Le temps de la crise d’un régime est plus court que celui d’une crise de civilisation. Ainsi, la crise de 58 fut une crise de régime mais elle ne se conjuguait pas comme aujourd’hui avec une crise de civilisation appelée vulgairement crise des valeurs, laquelle s’inscrit dans le temps long. La combinaison des deux peut être porteuse de troubles bien plus profonds.
La crise de régime se déchiffre aisément dans le système institutionnel : le parlement a toujours été abaissé, aujourd’hui il ne vote qu’à peine 10% du budget confectionné par les hauts fonctionnaires et ne représente donc plus l’intérêt des citoyens contribuables, c’est la crise de la représentation. Mais les parlementaires, pour compenser cette frustration, sont frappés d’une véritable diarrhée législative sur ce qui leur reste : les mœurs et notre vie quotidienne, c’est la fonction “Nounou”. Les voila donc légiférant, avec l’exécutif, sur notre intimité, qui dans notre assiette, qui dans notre chambre, ils voudraient que ne nous mangions pas trop gras, trop sucré, trop salé et que nous bougions (quoi, on ne sait pas !), que nous utilisions le plus souvent possible le préservatif (avec diminution de TVA) et que nous ne pensions du bien des mœurs déviantes, tout ceci sous menace de punition. C’est le “pan-pan-cul-cul citoyen”.
Ainsi, derrière ces futilités grotesques, nous n’avons plus droit au droit, les lois se suivent et se multiplient et “les lois inutiles affaiblissent les lois nécessaires” disait déjà Montesquieu. À cela, s’ajoute l’instabilité juridique, les lois changent sous le zèle de députés dont, seuls, les émoluments ne changent pas, et le citoyen vit alors en situation d’insécurité législative.
Et puis, il y a l’effet de caste : les oligarques, dotés de privilèges et d’avantages sans précédents dans l’histoire, ont pris en main tous les leviers de l’État et se protègent contre tous ceux qui voudraient leur disputer le pouvoir, ils se reproduisent entre eux via l’ENA, bastille dont pas une pierre sur pierre ne devra subsister. Endogames, arrogants, sourds et aveugles, ils savent ce qui est bon pour le peuple et n’ont de légitimité qu’en eux-mêmes.

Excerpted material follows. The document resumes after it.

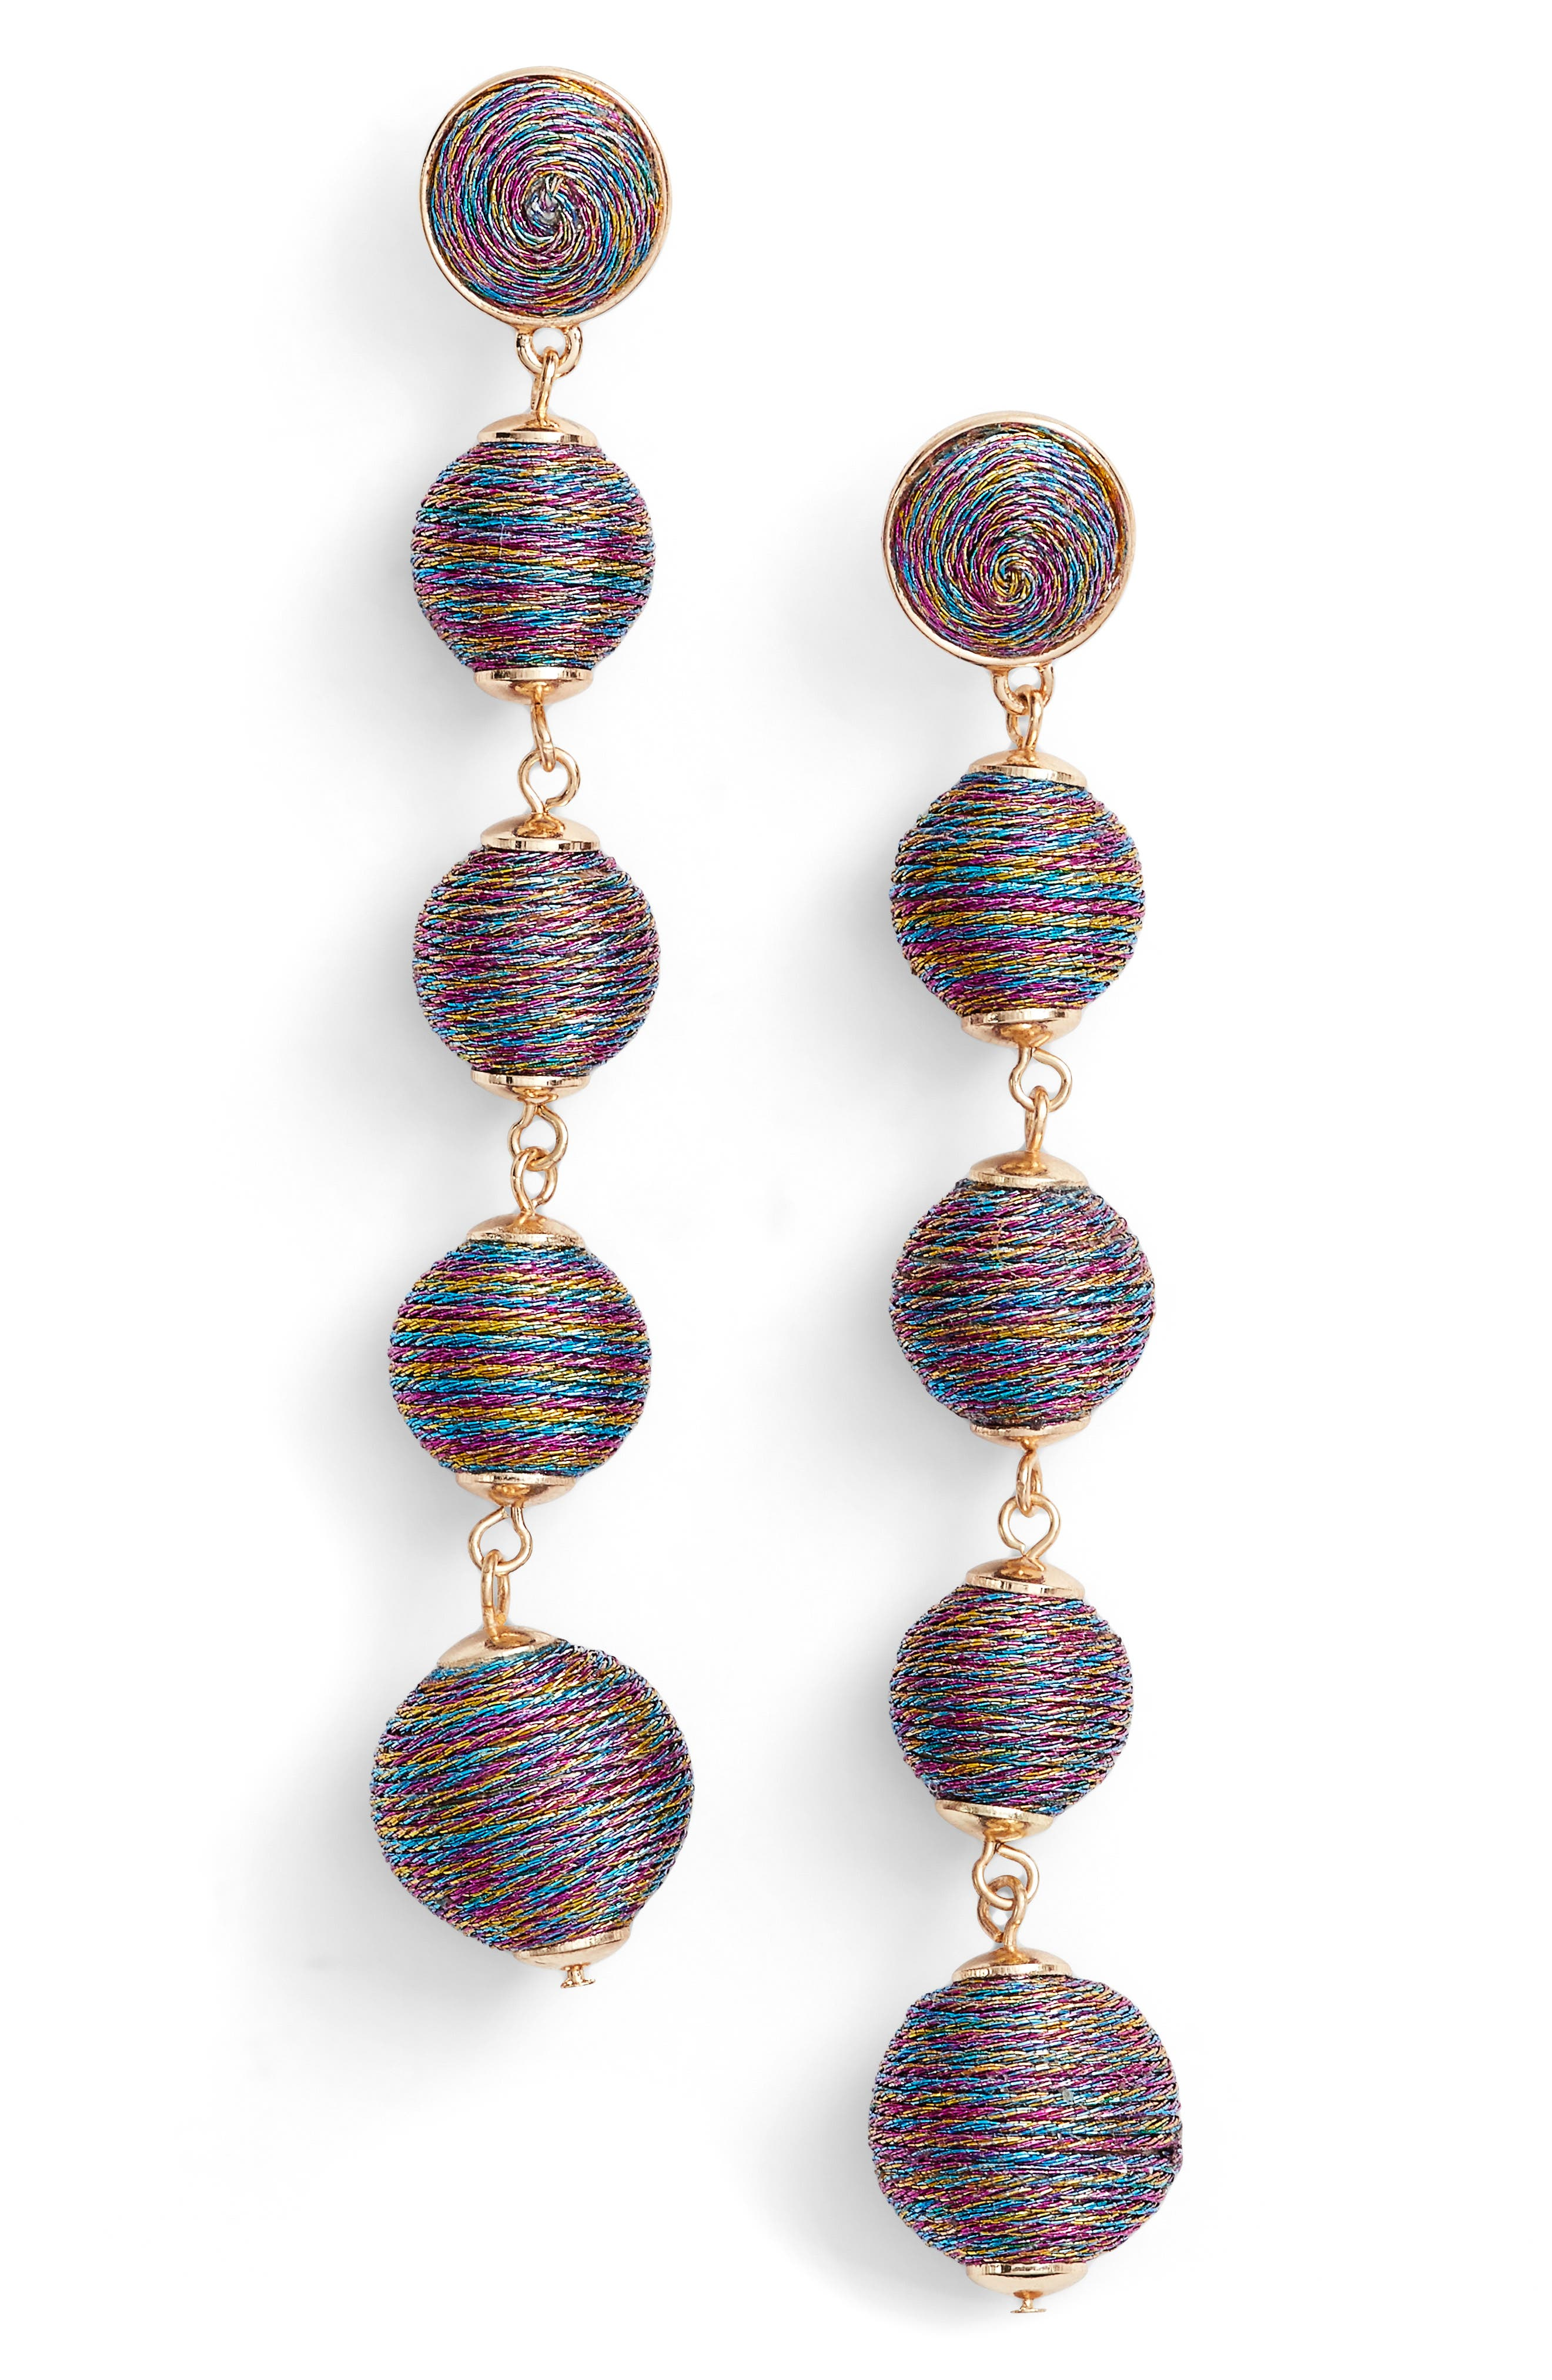 Baublebar Metallic Crispin Ball Statement Earrings

Crise de régime donc crise des institutions : la constitution bonapartiste voulue par de Gaulle comme gage de stabilité est devenu un gage d’immobilisme. Elle est un monstre archaïque en ce qu’elle subordonne toute la vie politique à l’élection reine qui élit un roi républicain. On dit de la constitution qu’elle préserve Hollande de l’éviction du pouvoir, et, qu’à ce titre, nous ne sommes pas dans la situation de 1788. C’est, du moins, la thèse d’un éminent historien, Jean-Christian Petitfils, pour qui les institutions sont un gage de stabilité politique. On nous permettra de n’en rien croire face à un pays qui gronde. Car les institutions ont perdu leur vertu, elles permettent au contraire de continuer à accumuler les erreurs et d’empêcher toute réforme. En politique comme en mécanique, il vaut mieux parfois qu’une pièce casse plutôt que l’ensemble du moteur, craignons une casse générale.

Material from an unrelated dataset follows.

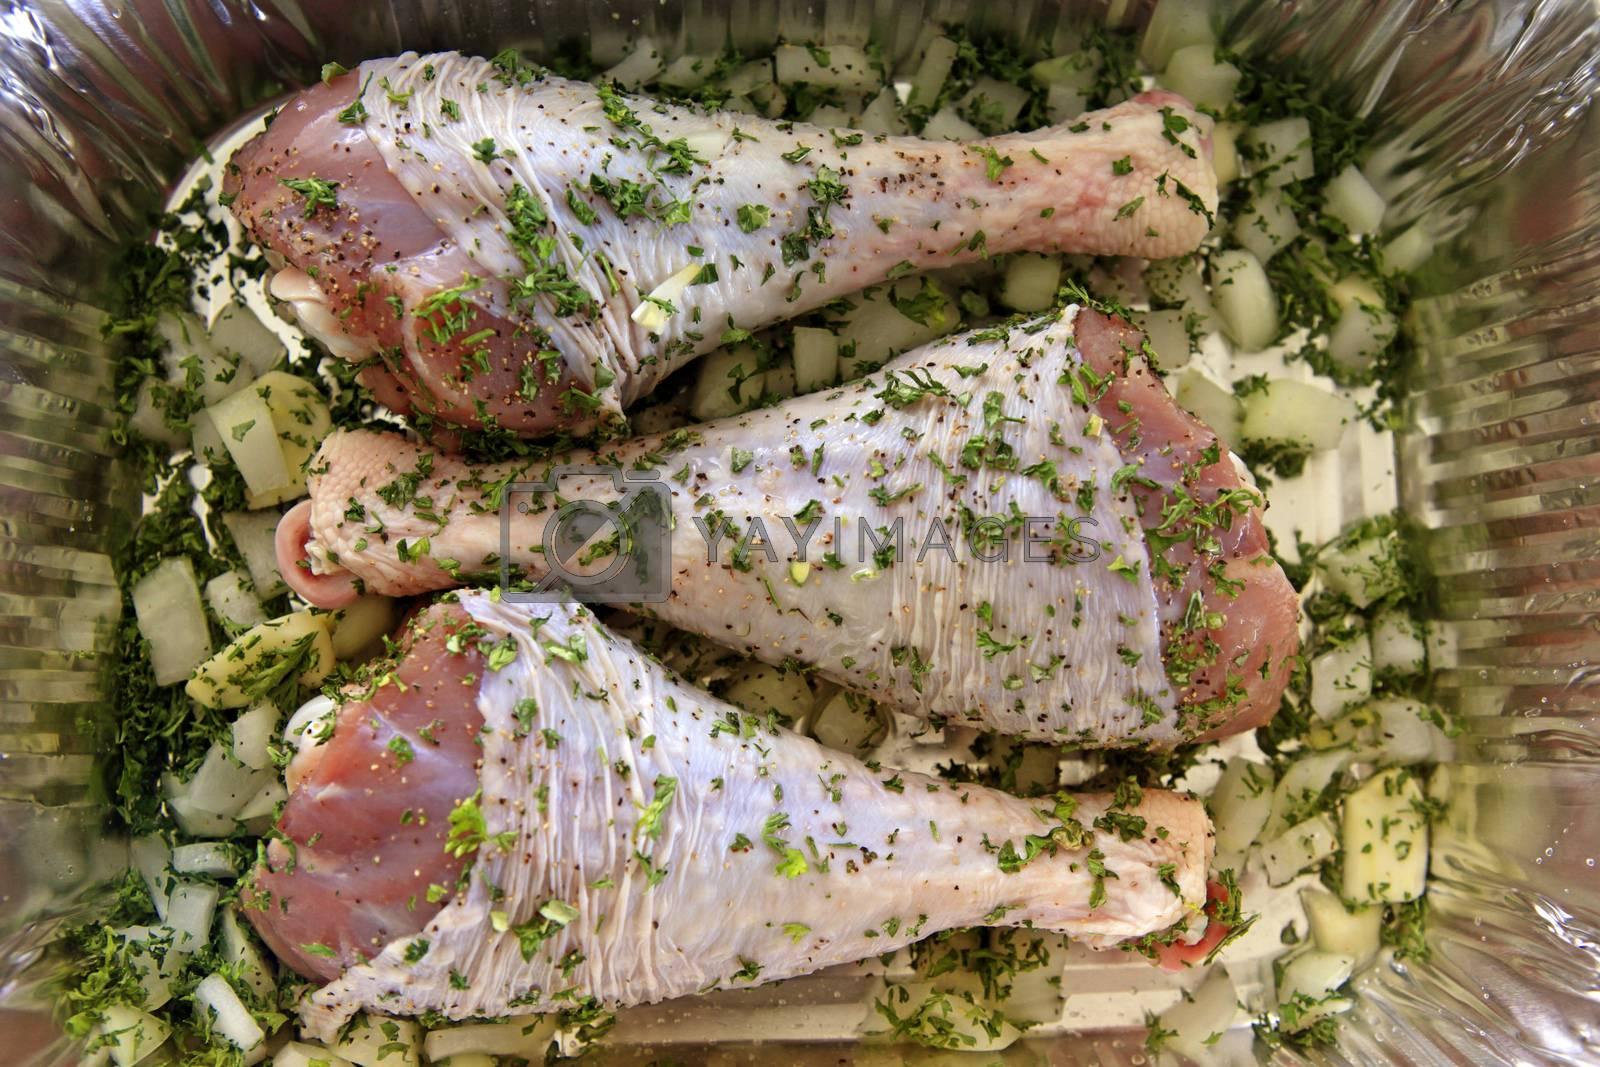 Turkey leg on steel board with herbs

Le problème actuel de la dette est bien celui de la monarchie finissante. L’histoire ne se répète pas, elle bégaie, dit-on. On peut cependant trouver des analogies fortes entre les impossibles réformes de Turgot de Maupeou ou de Calonne, sous l’ancien régime, et la solidité institutionnelle, morale et mythique de la vieille monarchie capétienne si fortement inscrite dans la durée et pourtant…
Pourtant 1789 se conjugua aussi avec une crise de civilisation, celle de la conscience européenne dont faisait son lit le mouvement des Lumières. Aujourd’hui, la nation méprisée, la morale inversée, la famille détruite, l’école abaissée, l’histoire dévoyée, la science rejetée (l’écologie mal comprise) signent le retour de la barbarie. La section des piques, masse de manœuvre de la révolution, n’est plus dans le faubourg, elle est en banlieue, les sans-culotte ont aujourd’hui le pantalon sur les chaussures !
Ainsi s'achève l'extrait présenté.